Repository files navigation

BillCheck

A rule-based, deterministic medical billing verification engine built on FastAPI. BillCheck programmatically audits inpatient and outpatient hospital bills by cross-referencing line-item charges against the CMS Medicare Physician Fee Schedule (queried live via the data.cms.gov public API), NCCI Correct Coding Initiative bundling edits, ICD-10-to-CPT clinical plausibility mappings, and FDA-sourced maximum daily drug dosage thresholds. The system produces structured, dollar-quantified discrepancy reports with zero reliance on large language models for the verification logic itself, ensuring full auditability and reproducibility of every flag raised.

Architecture

                   ┌─────────────────┐
                   │   FastAPI App    │
                   │   (main.py)      │
                   └────────┬────────┘
                            │
              ┌─────────────┼─────────────┐
              │             │             │
     ┌────────▼──────┐ ┌───▼────┐ ┌──────▼───────┐
     │  OAuth 2.0    │ │ Static │ │  REST API    │
     │  (auth.py)    │ │   UI   │ │  Endpoints   │
     └───────────────┘ └────────┘ └──────┬───────┘
                                         │
                              ┌──────────▼──────────┐
                              │  Verification        │
                              │  Pipeline            │
                              │  (pipeline/)         │
                              ├──────────────────────┤
                              │  extractor.py        │
                              │  comparator.py       │
                              │  cms_api.py          │
                              │  scorer.py           │
                              └──────────┬───────────┘
                                         │
                       ┌─────────────────┼─────────────────┐
                       │                 │                 │
              ┌────────▼──────┐ ┌────────▼──────┐ ┌───────▼───────┐
              │ CMS Fee       │ │ NCCI Edit     │ │ Drug Dosage   │
              │ Schedule API  │ │ Lookup Table  │ │ Limits Table  │
              │ + Fallback    │ │               │ │               │
              └───────────────┘ └───────────────┘ └───────────────┘

Verification Pipeline

The comparator module executes 7 independent, composable verification engines in sequence. Each engine operates on the structured PatientBill model and emits zero or more VerificationIssue objects with typed severity levels, CPT/HCPCS code references, and dollar-denominated overcharge estimates.

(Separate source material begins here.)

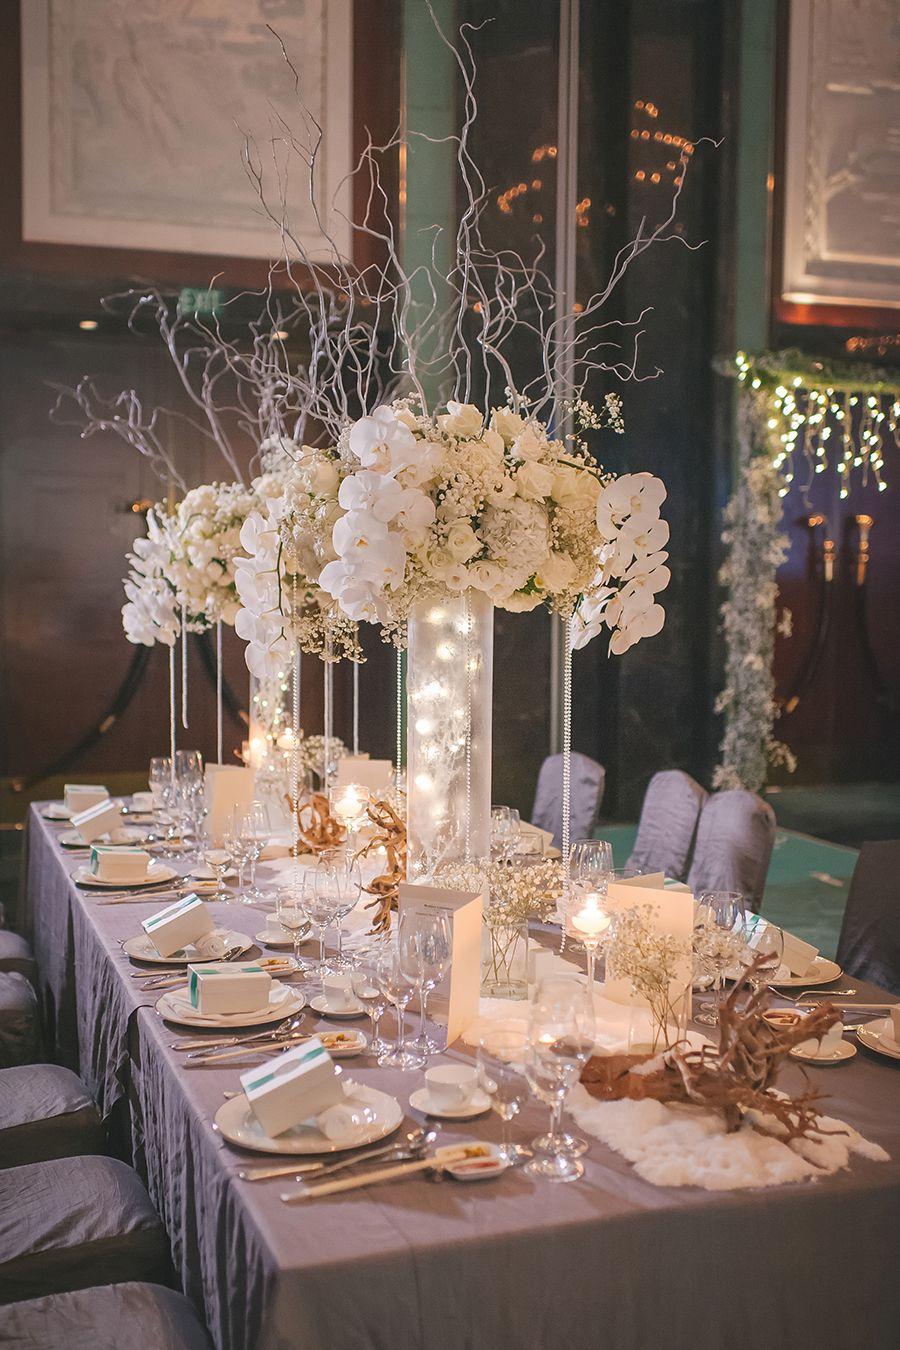 Desmond And Charlotte's Winter Wonderland Wedding At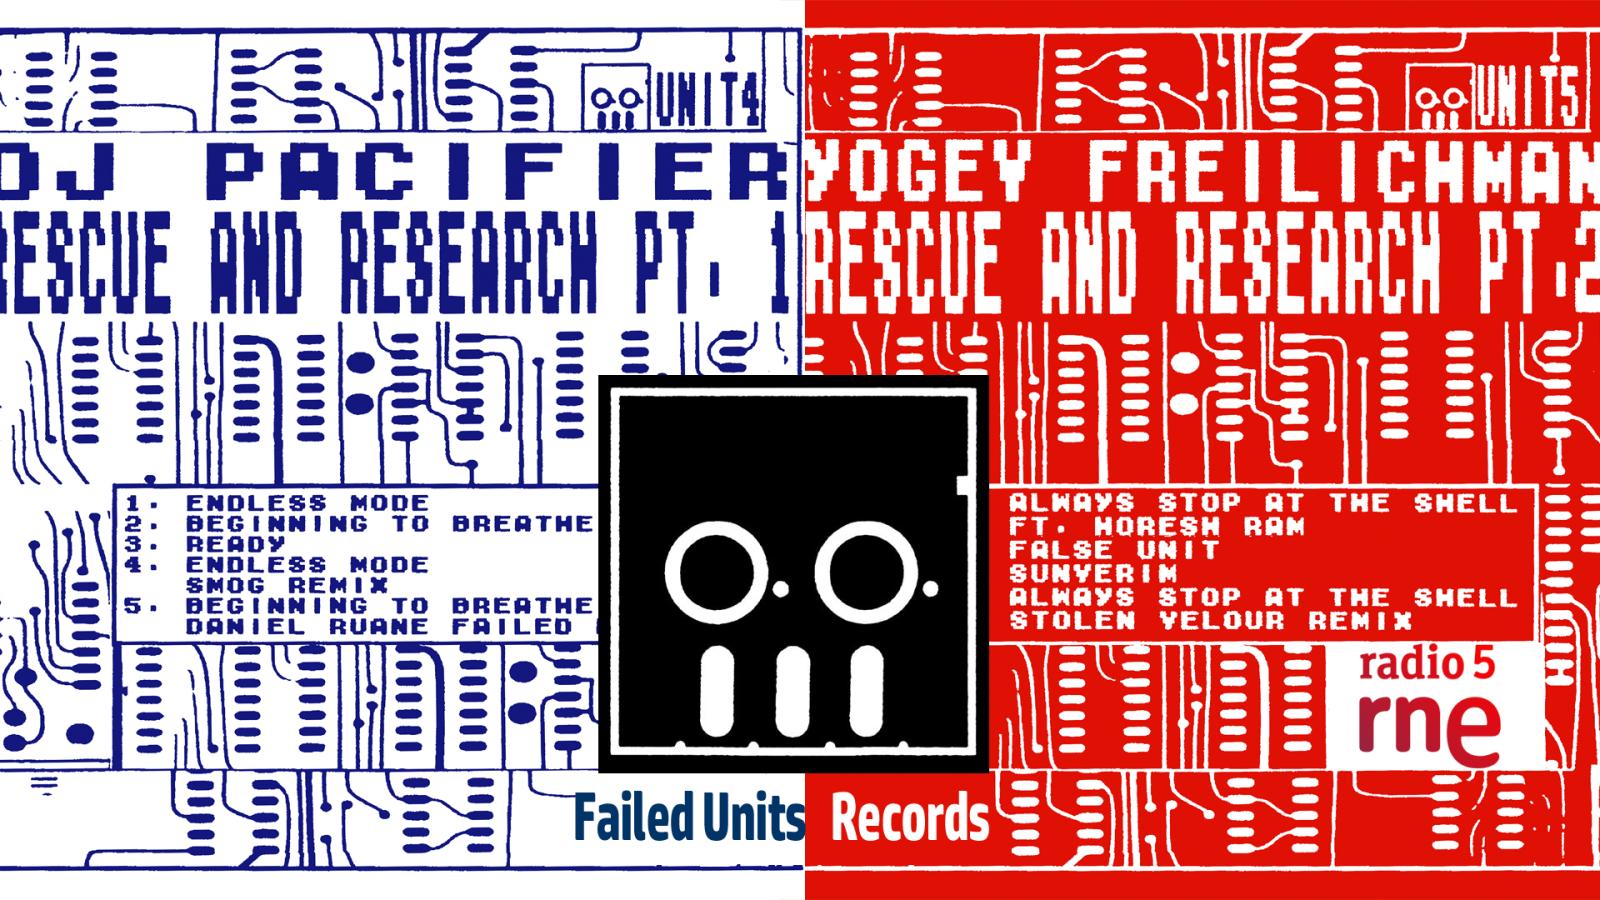 Guía electrónica de bolsillo - Archivos Olvidados 2.9 (Failed Units) - 04/09/20 - Escuchar ahora

Engine Name Detection Logic
1 Duplicate Charge Detection Groups line items by (cpt_code, date_of_service) tuples and flags any group with cardinality > 1. Computes overcharge as charge_amount * (n - 1).
2 Date-of-Service Validation Parses admission and discharge dates, then flags any line item whose date_of_service falls outside the [admission, discharge] interval.
3 Arithmetic Verification Computes sum(charge_amount) across all line items and compares against the stated total_billed. Flags discrepancies above configurable thresholds ($0.01 for warnings, $100 for critical).
4 CMS Fee Schedule Benchmarking Queries the CMS Medicare Physician & Other Practitioners API (data.cms.gov, dataset UUID 6fea9d79-0129-4e4c-b1b8-23cd86a4f435) for national average payment rates per HCPCS code. Falls back to a static schedule when the API is unreachable. Flags charges at 3x (warning) or 5x (critical) the Medicare rate. Results are cached to disk with a 7-day TTL.
5 NCCI Unbundling Detection Maintains a lookup table of CMS National Correct Coding Initiative column 1/column 2 edit pairs. For each date of service, checks whether any pair of billed codes constitutes an unbundling violation (i.e., a component code billed separately from its comprehensive code).
6 ICD-10 Clinical Plausibility Maps ICD-10 diagnosis prefixes to sets of plausible and implausible CPT codes. A procedure is flagged only if it appears in the implausible set for at least one diagnosis and in the plausible set for none. Supports hierarchical prefix matching (full code, then 5-, 4-, and 3-character prefixes).
7 Drug Dosage Anomaly Detection Aggregates total billing units per HCPCS J-code per calendar day, converts to milligrams using a reference table of per-unit dosages, and compares against FDA-informed maximum daily dose thresholds. Severity tiers: warning (>1x limit), critical (>=2x), critical/dangerously high (>=5x). Reference drugs include morphine, fentanyl, ketorolac, ampicillin, and promethazine.

Scoring and Report Generation

The scorer module consumes the list of VerificationIssue objects and produces a VerificationReport containing:

  • Safety Score: Integer 0-100 computed by deducting 5 points per critical issue, 3 per warning, and 1 per informational finding. Clamped to [0, 100].
  • Letter Grade: A (>=90), B (>=75), C (>=60), D (>=40), F (<40).
  • Total Flagged Amount: De-duplicated sum of potential_overcharge values, grouped by line_item_index (max overcharge per line) to prevent double-counting across engines.
  • Dispute Letter: Auto-generated formal letter addressed to the facility billing department, itemizing each finding with CPT codes and dollar amounts.
  • Phone Script: Structured call script for verbal dispute with the billing department.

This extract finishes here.